Kolya was saying good-bye to the girls, dropping his pails inside their apartment door and motioning for me to do the same.
“Be careful up there,” said one of the girls, the bolder one, I suppose. “He’s eighty years old, but he’ll shoot you in a second.”
“I’ve been on the lines fighting Fritz,” said Kolya, reassuring her with a smile and a wink. “I think I can handle a cranky grandfather.”
“If you want something to eat on your way down, we’re making soup,” said the second girl. The bold one shot her a look and I wondered, with little real curiosity, if she was peeved at the offer of free food or at the flirtatious gesture.
Kolya and I climbed the final flight of stairs to the roof door.
“Here’s the plan,” he told me. “Let me do the talking. I’m good with old people.”
I pushed open the door and the wind came at us, blowing bits of ice and dust into our faces, the grit of the city. We lowered our heads and pressed forward, two Bedouins in a sandstorm. Ahead of us was a mirage, what could only be a mirage—a shed nailed together with wood planks and roofing felt, the gaps stuffed with scraps of wool and old newspapers. I was a city boy to the bone; I had never been to a farm or even seen a cow; but I knew this was a chicken coop. Kolya looked at me. Our eyes were watering from the wind, but we were both grinning like madmen.

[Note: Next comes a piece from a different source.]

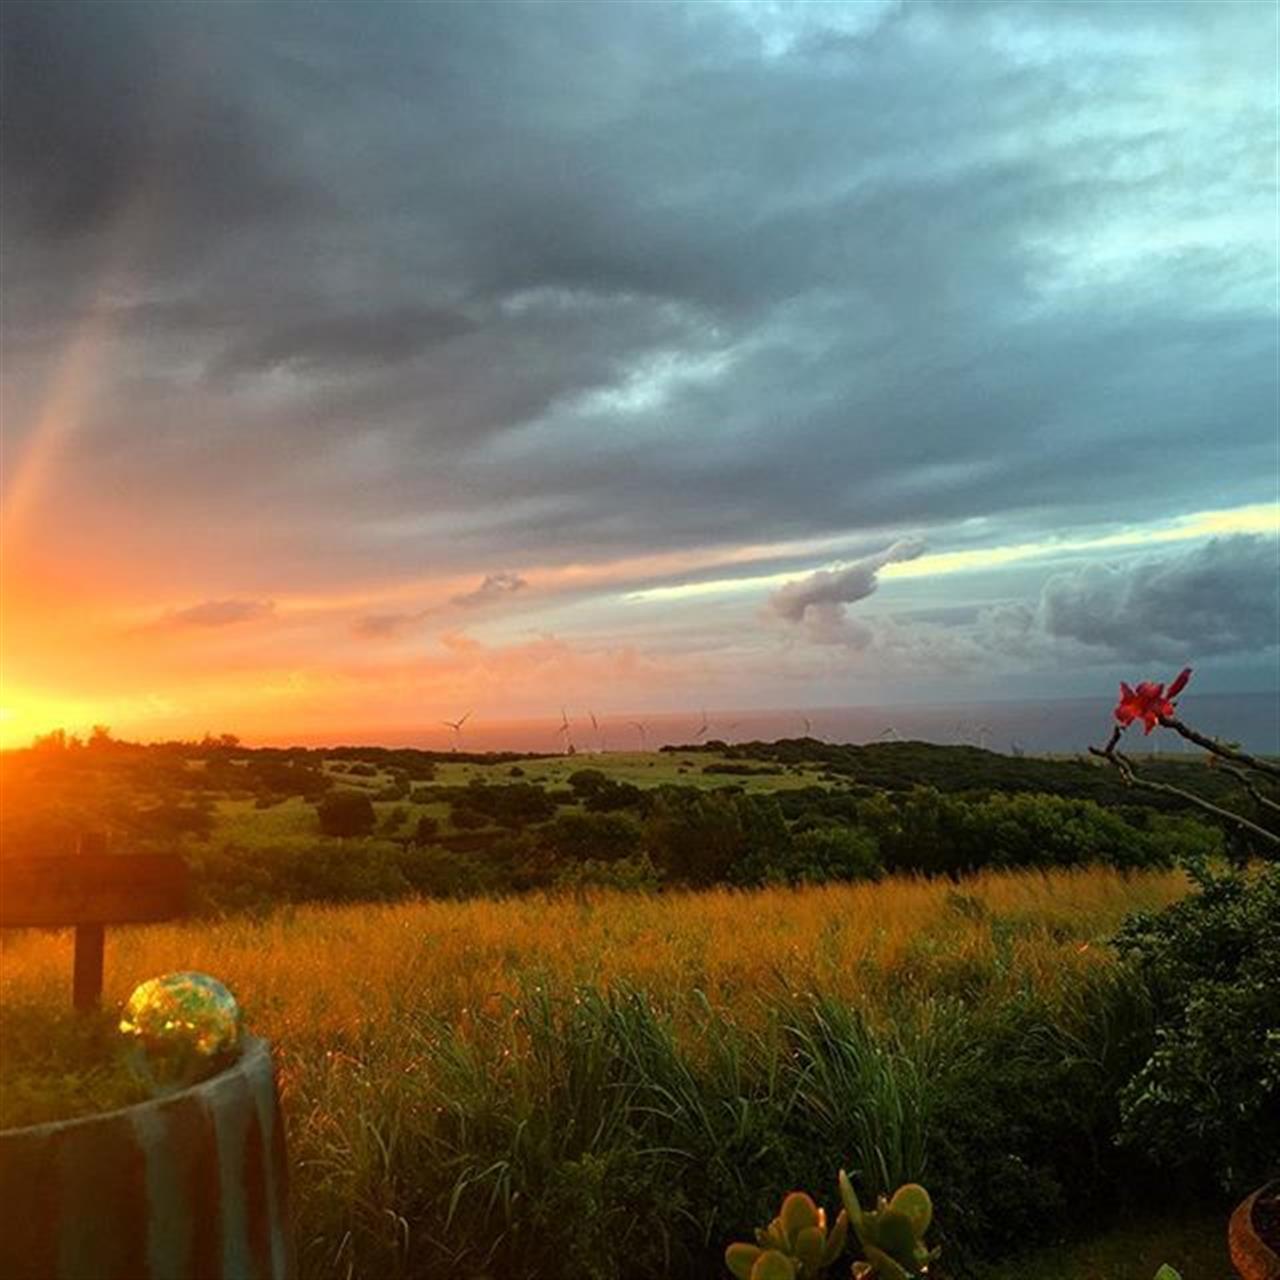 Hope y'all had a wonderful weekend! Sending you a #SundaySunset goodnight! #derbyfarm #kohala #hawaii #bigisland

There was a crooked door on one end of the coop with an unfastened hook-and-eye latch on the outside. Kolya knocked softly on the door. No one answered.
“Hello? Don’t shoot us! Ha, ha! Ah, we just wanted to visit with you. . . . Hello? All right, I’m going to open the door. If that’s a bad idea, if you’re thinking of shooting, just say something now.”
Kolya stepped to one side of the door frame, motioned for me to do the same, and prodded open the door with the toe of his boot. We waited for a shouted curse or a shotgun blast, but neither came. When it seemed safe, we peeked into the coop. It was dark inside, lit by a single wick lamp hanging from a hook on the wall. The floor was covered with old straw that stank of bird shit. One wall was lined with empty nesting boxes, each big enough for a single chicken. A boy sat at the far end of the coop, his back against the wall, his knees drawn to his chest. He wore a woman’s rabbit fur coat. He looked ridiculous but warm.
A dead man sat in the straw beneath the nesting boxes, back against the wall, limbs stiff and splayed like an abandoned marionette. He had a long white beard, the beard of a nineteenth-century anarchist, and skin like melted candle wax. An antique shotgun still lay across his lap. From the looks of him he’d been dead for days.
Kolya and I stared at this grim tableau. We had entered into someone else’s private misery and we felt the guilt of interlopers. I did, at least. Shame didn’t afflict Kolya the way it did me. He walked inside the coop, knelt beside the boy, and gripped his knee.
“Are you all right, little soldier? You need some water?”
The boy didn’t look at him. His blue eyes seemed enormous in his starved face. I broke off a square of the library candy, stepped into the coop, and held out my hand. The boy’s eyes shifted slowly in my direction. He seemed to register my presence and the food in my hand before he looked away again. He was very far gone.
“Is this your grandfather?” asked Kolya. “We should bring him out to the street. Not good for you to be sitting here alone with him.”